Powerful interests then and now  

In the history of the Indian judiciary, April 25, 1973 and January 29, 1977 are both considered as crisis moments – when the senior-most judges of the Supreme Court quit following their supersession, in the appointment of the chief justice of India by the then prime minister, Indira Gandhi. On April 25, 1973, Justice A.N. Ray was appointed as CJI by superseding three senior-most judges.

The three judges were part of the majority in the Kesavananda Bharati case, which held only the previous day, that parliament cannot use its amending power to alter the basic structure of the constitution. The three judges – Justices J.M. Shelat, K.S. Hegde and A.N. Grover – resigned following the appointment of Justice A.N. Ray as CJI, after the retirement of the outgoing CJI, S.M. Sikri.

Justice H.R. Khanna. Credit: Supreme Court of India

Justice Ray was considered as a judge who was inclined to decide in favour of the government, as the late T.R. Andhyarujina noted in a perceptive article in the Indian Express titled ‘When the bench buckled’.
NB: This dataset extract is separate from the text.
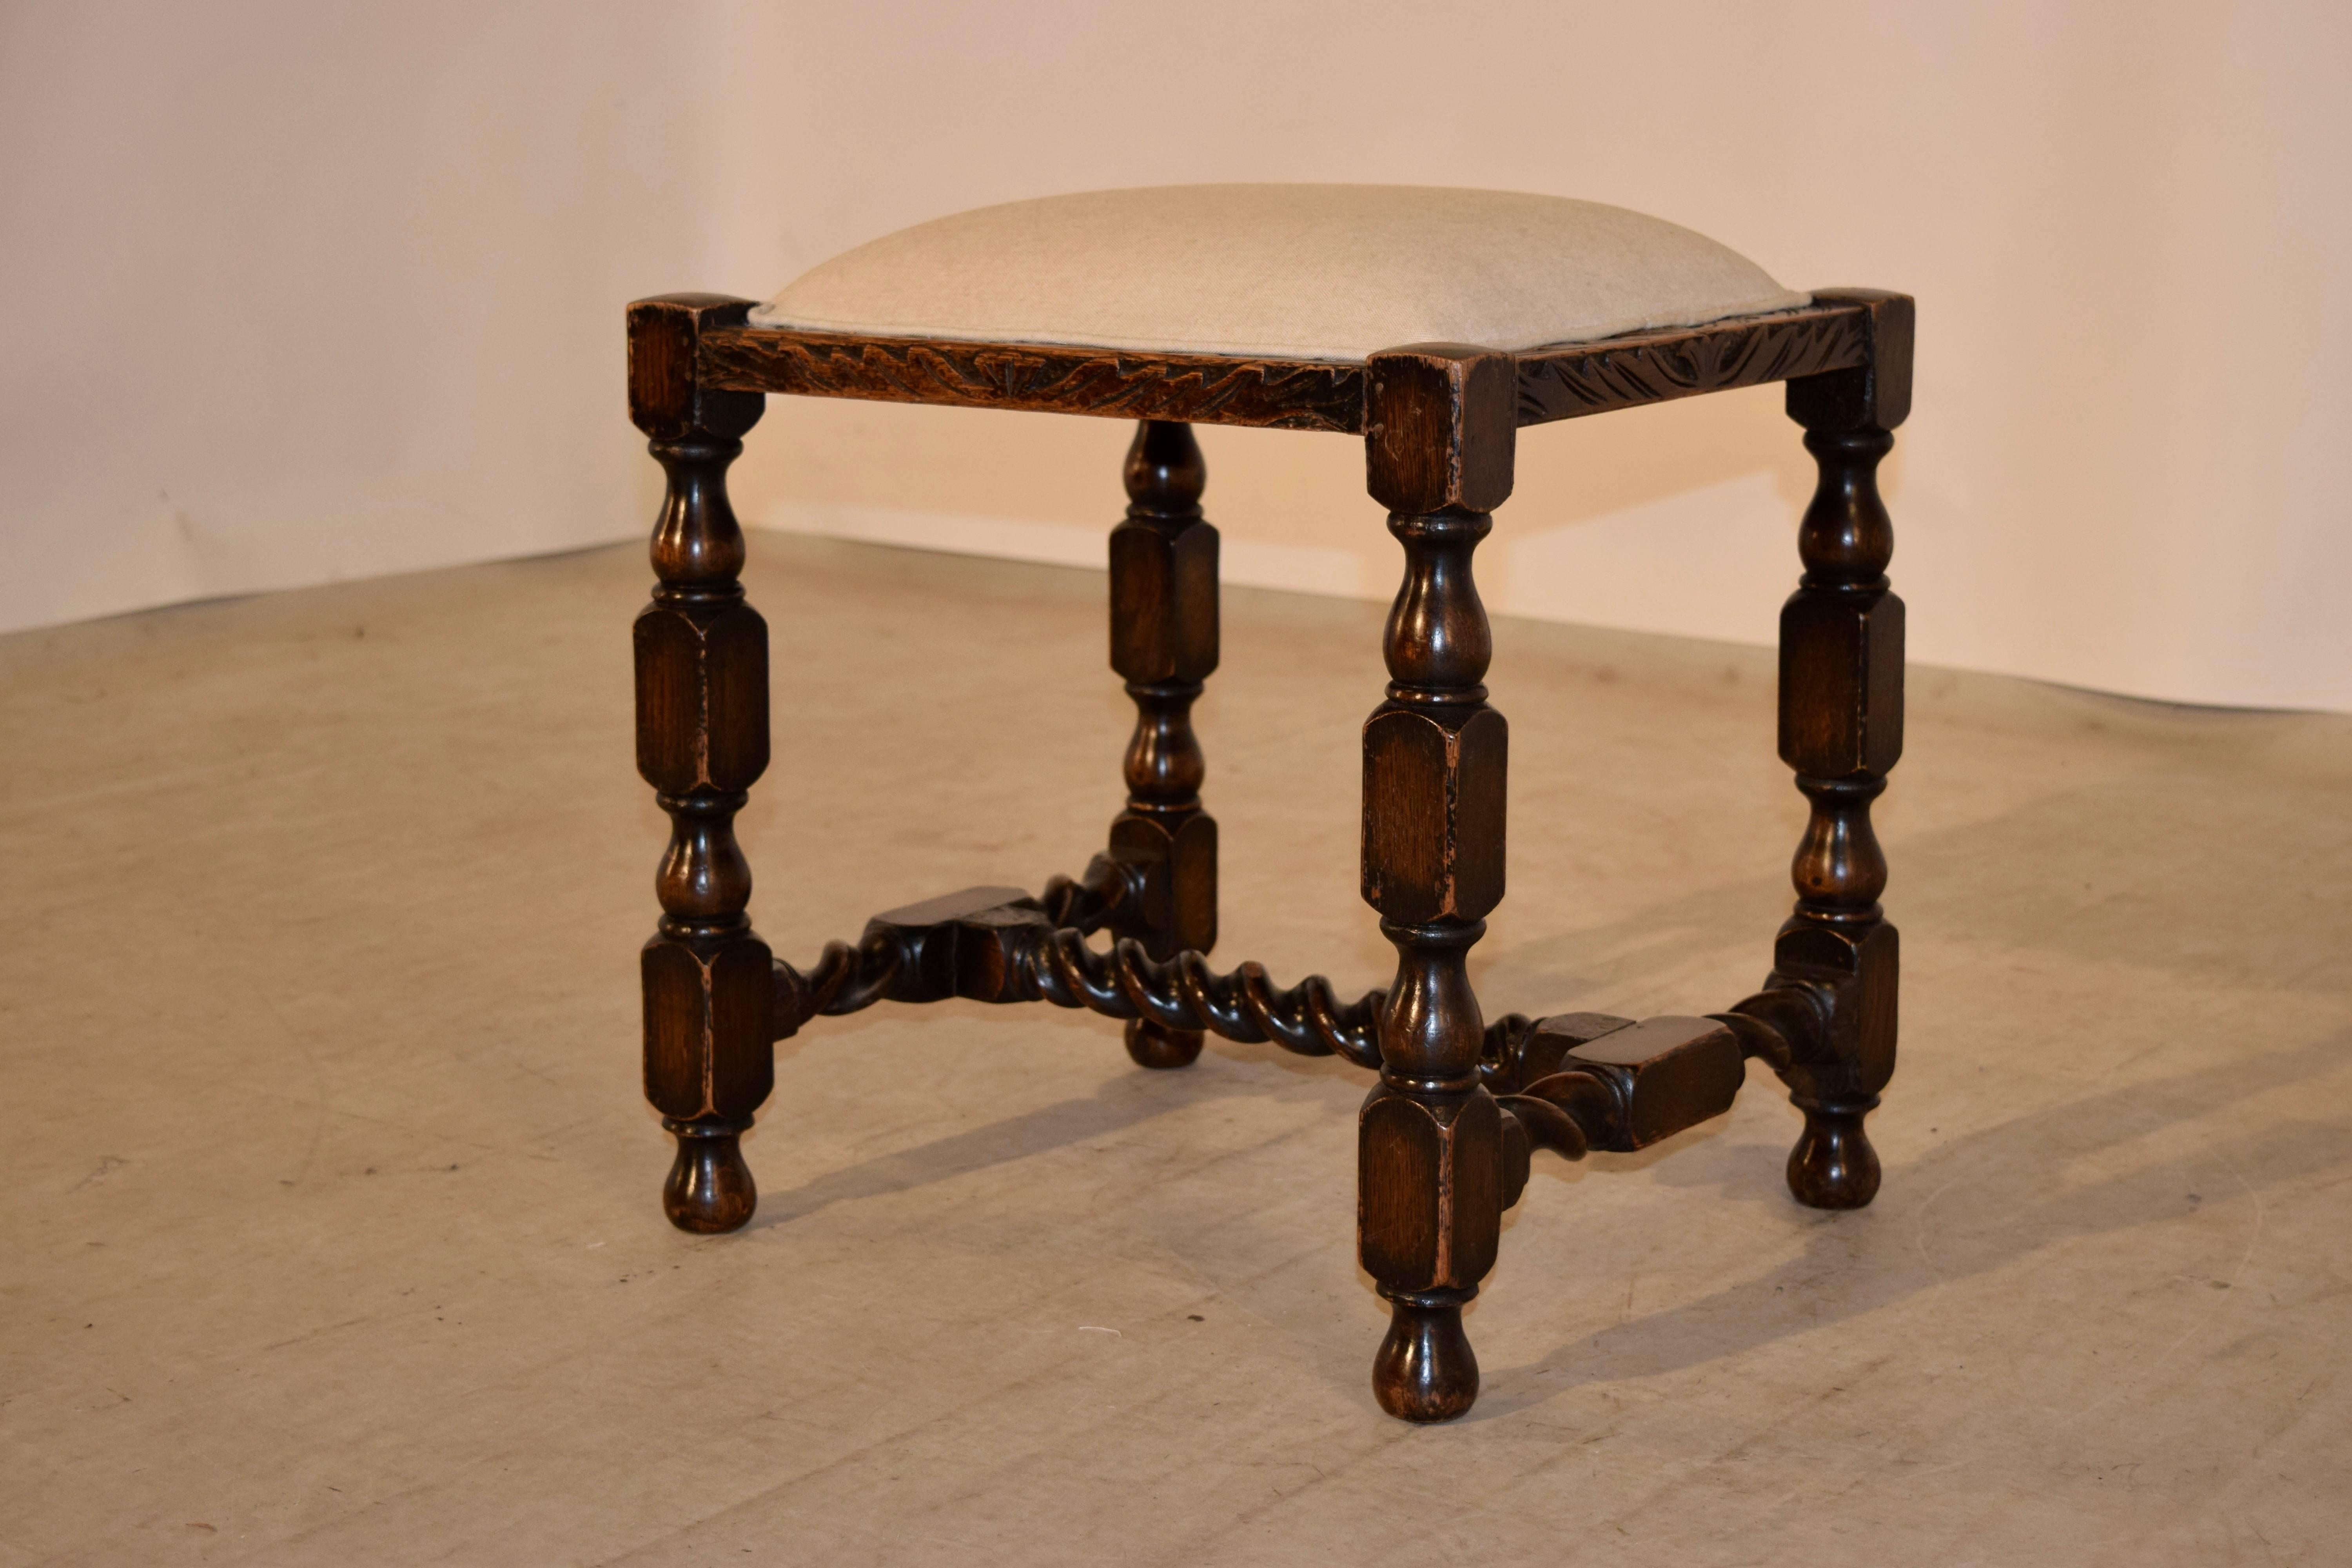 19th century English oak stool with a hand-carved decorated border around the seat, following down to hand turned legs and barley twist stretcher, resting on hand turned feet. The seat has been newly upholstered in linen and finished with single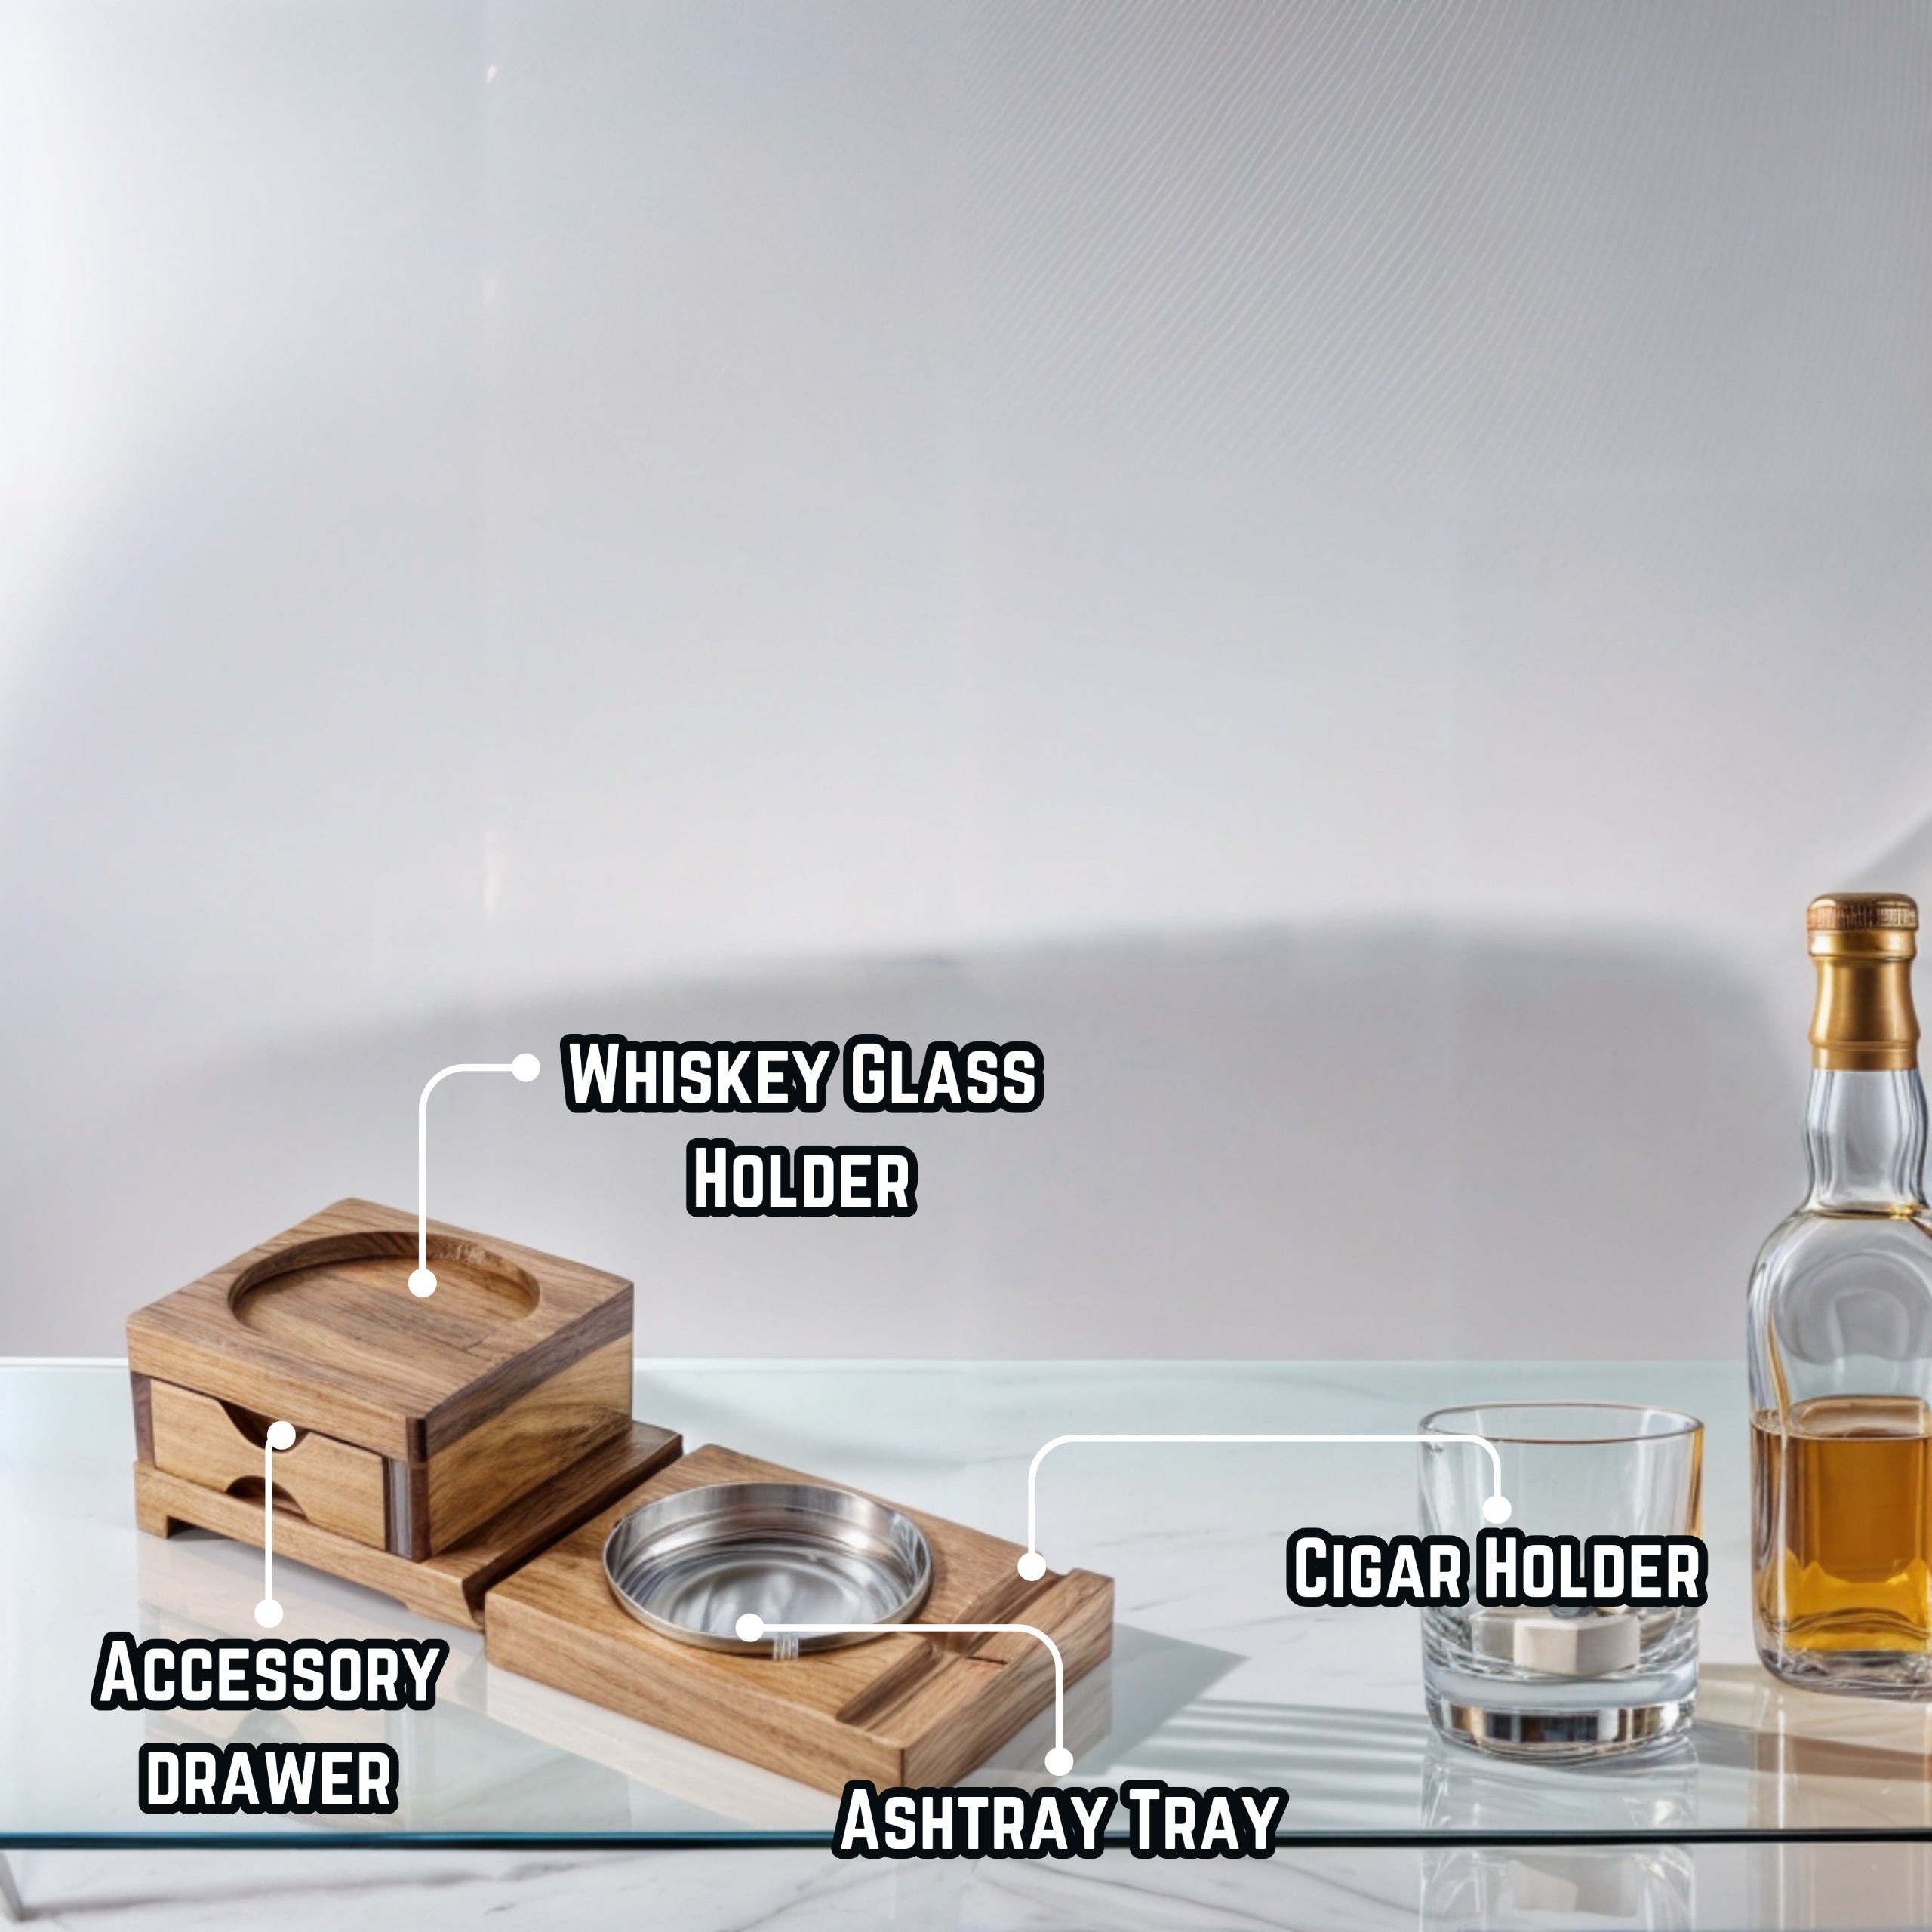 LITT - Dual Function Wooden Tray for Whisky Glasses and Cigar Holder

On January 29, 1977, Justice H.R. Khanna was superseded by Justice M.H. Beg as CJI, following which he resigned. Justice Khanna was the lone dissenter in A.D.M. Jabalpur v Shivkant Shukla decided by the Supreme Court’s five judge constitution Bench in favour of the government during the Emergency. The majority judges in this case held that fundamental rights could be suspended during the Emergency, and the legality of detention orders, even if mala fide and without authority of law, could not be questioned.

In the recent judgment elevating the right to privacy as a fundamental right, the Supreme Court’s nine-judge constitution bench formally overruled this judgment after 40 years. It was not necessary to do so, as successive benches of the Supreme Court had never considered A.D.M. Jabalpur a binding precedent, and impliedly overruled it. Besides, Article 359 was amended, following the 44th amendment to the constitution, to provide that during the operation of an Emergency, the power of the president to suspend the right to move a court for the enforcement of fundamental rights shall not extend to Articles 20 and 21 – which essentially guarantee the right to life.

By formally revisiting that shameful chapter in its history, and taking symbolic steps to formally erase its memory from its history, the Supreme Court might have felt it has unburdened itself, after 40 years.

While that symbolic gesture was hailed for its significance, one is tempted to ask whether it has had any real influence on the current collegium.

An embarrassing question which may be posed to the collegium is whether by failing to elevate Justice Jayant Patel as the chief justice of the Karnataka high court or as a judge of the Supreme Court, are its members not behaving in the same way as their predecessors did in the infamous A.D.M.Jabalpur case. If the majority judges in that case were guilty of not displaying enough courage to stand up to powerful interests, today’s collegium, despite the ringing assertions of judicial independence made in the intervening years, may prove to be just as pusillanimous in defending that cherished objective as their unillustrious predecessors.